As late as the 1950s, Welch was a robust community of 10,000 residents. Working people had money in their pockets; merchants were prosperous. It had movie theaters, ethnic restaurants, a hotel, a synagogue and a bus and railway station. In 1960, John F. and Robert F. Kennedy, Hubert H. Humphrey and hosts of lesser national figures came here to campaign, and West Virginia gave John Kennedy the votes that turned the tide in his quest for the Democratic presidential nomination.

But in the 1970s and ‘80s, Welch lost two-thirds of its population. Stores have closed, poverty and unemployment have soared and welfare roles have swelled. Increasingly, it has become a town inhabited by stooped retirees from mines now vacant. It is reputed to be the largest community east of the Mississippi without benefit of sewage treatment, its waste grievously polluting the Tug River, which separates West Virginia and Kentucky.

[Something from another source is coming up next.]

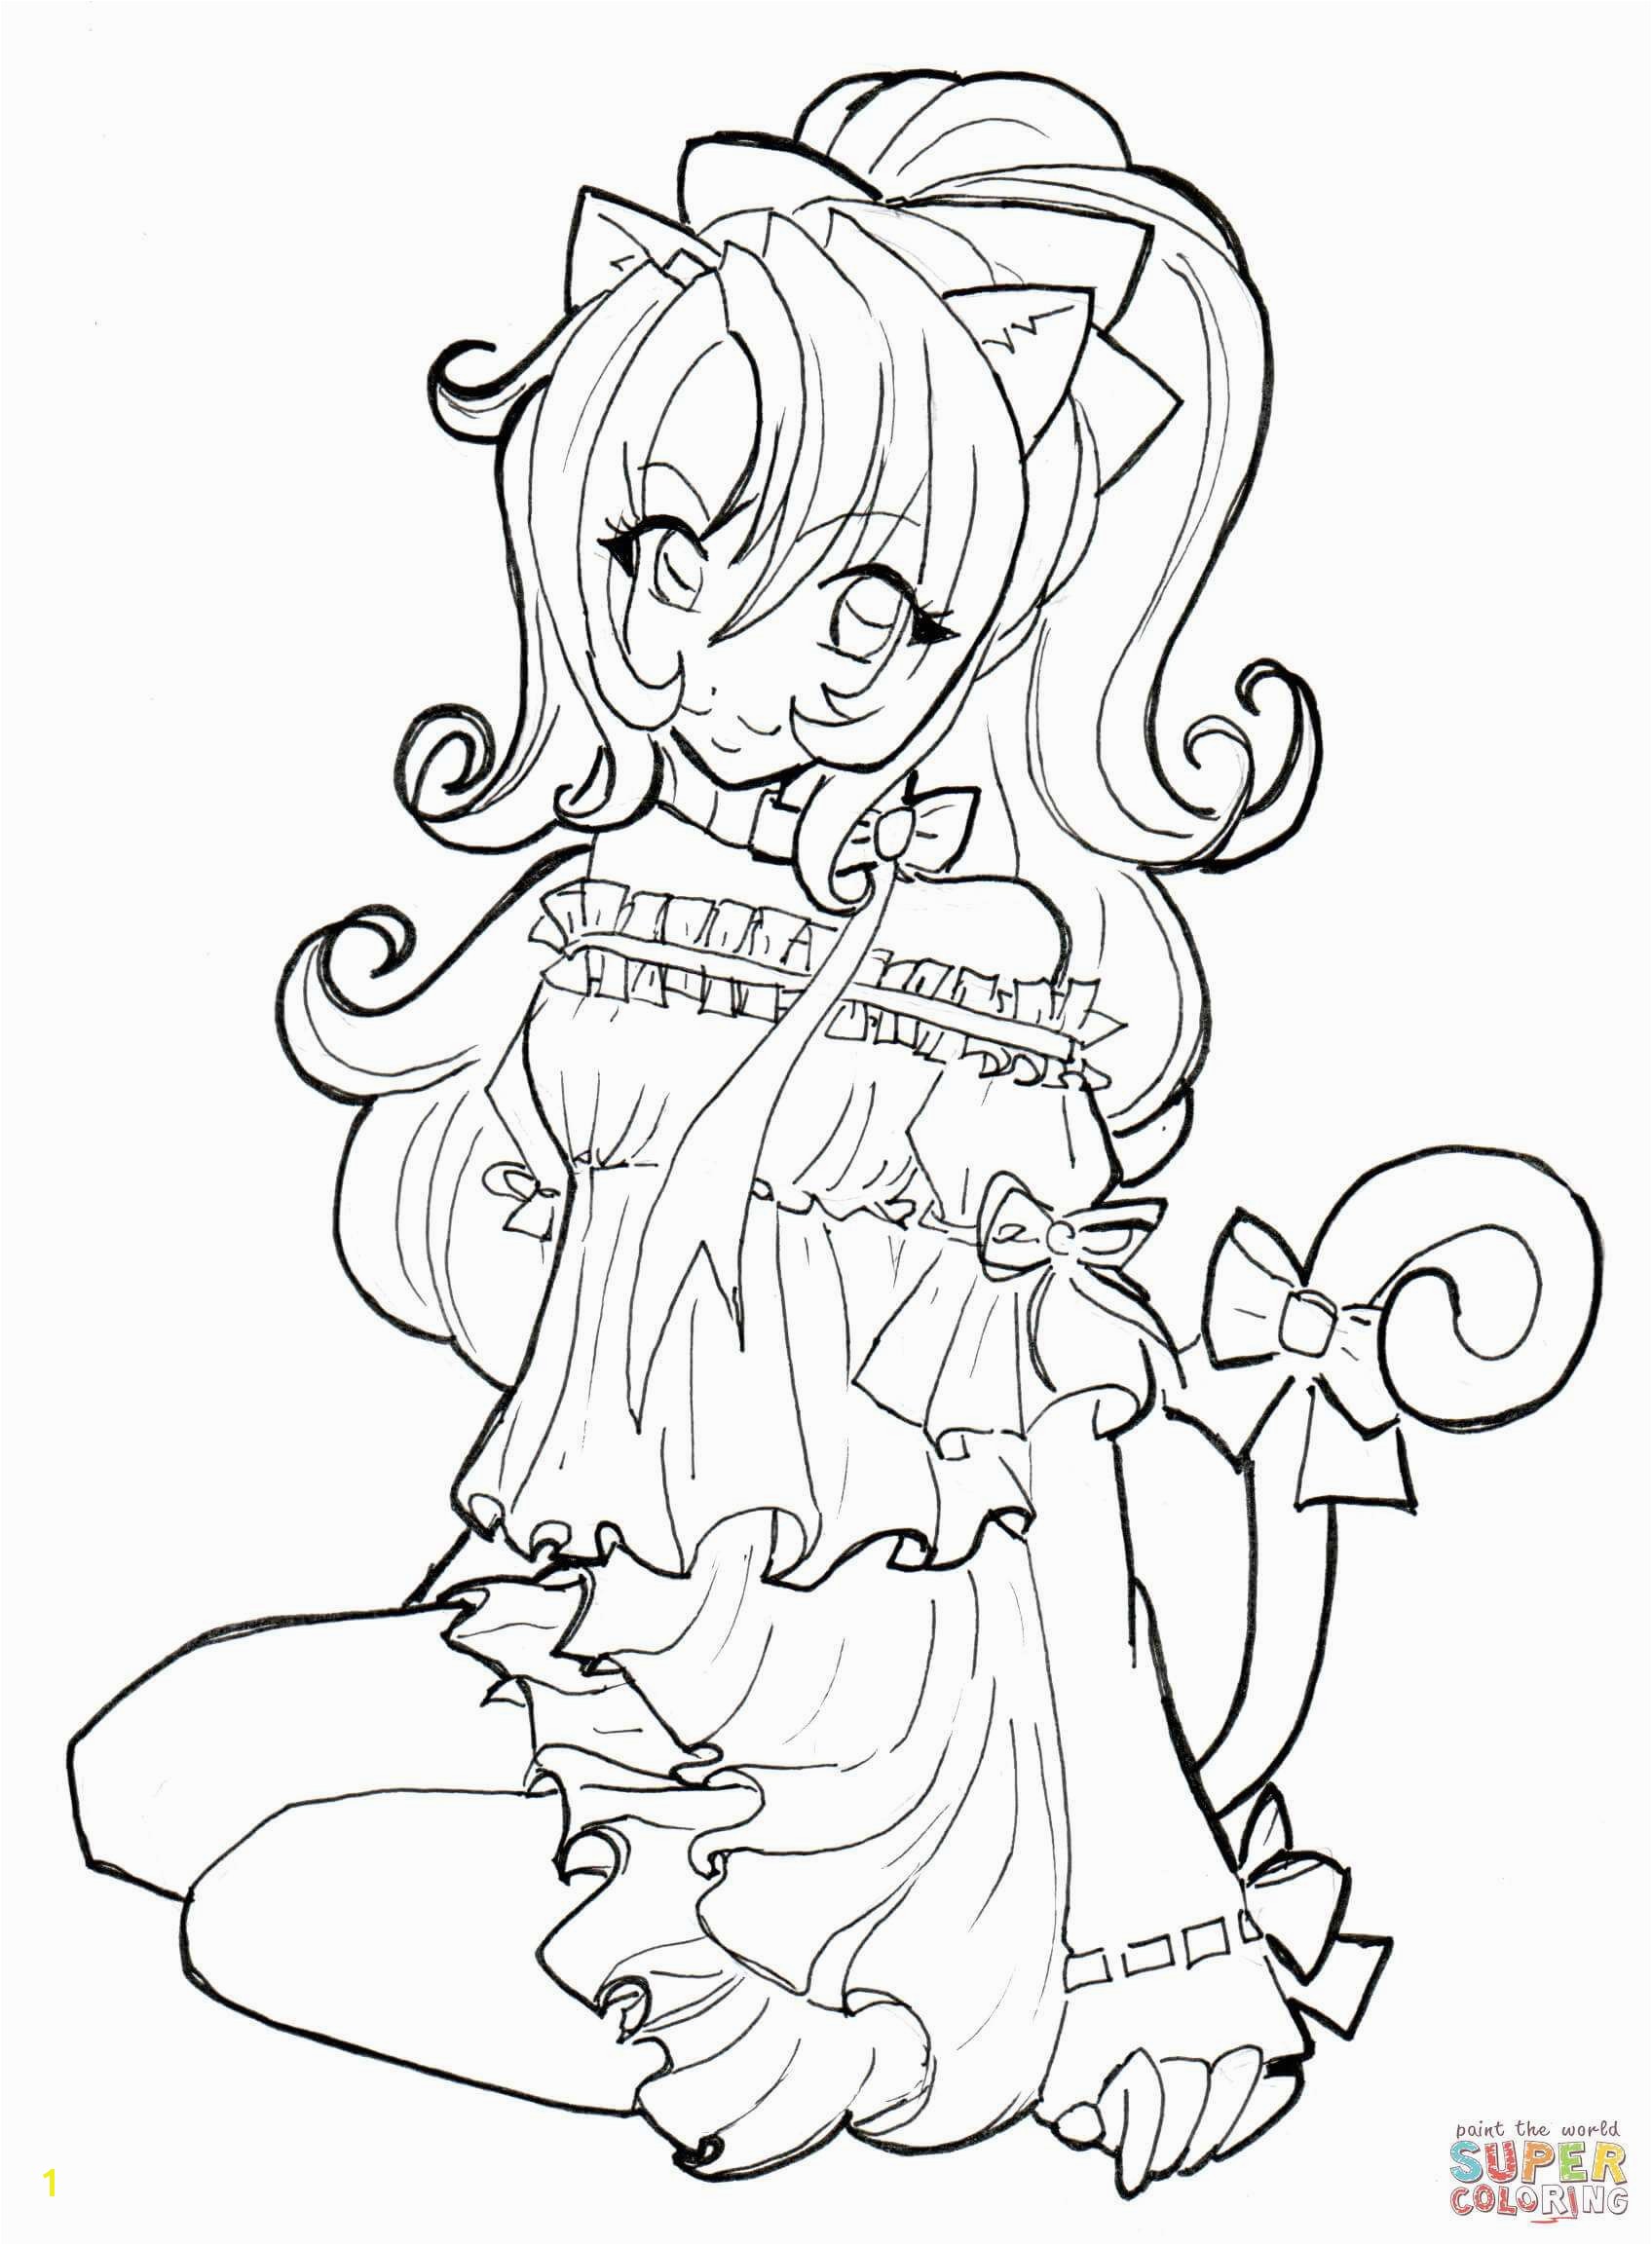 Cute Anime Coloring Pages Cute Anime Chibi Girl Coloring Pages Best Witch Coloring Page

In spite of the region’s financial plight and the considerable enticements offered by the landfill developer, however, the idea of becoming a gigantic repository for waste from the cities of New Jersey and New York exploded into a passionate political issue in the West Virginia mountains.

Five months after the meeting at the Sterling Drive-In and organization of the first grass-roots opposition to the project, a special session of the West Virginia Legislature last month effectively killed the McDowell County landfill, passing a law limiting shipments to 30,000 tons a month rather than the 300,000 proposed by the developer, Capels Resources Inc.

“This was an economic issue with roots going back 100 years,” says Allen, who suddenly has been cast as a West Virginia David against the big city Goliath. “Then, large companies came in, bought the land and took all the coal profits out of the state. Capels Resources wanted to do the same thing, bring in garbage and take the profits back to Philadelphia,” where it is headquartered.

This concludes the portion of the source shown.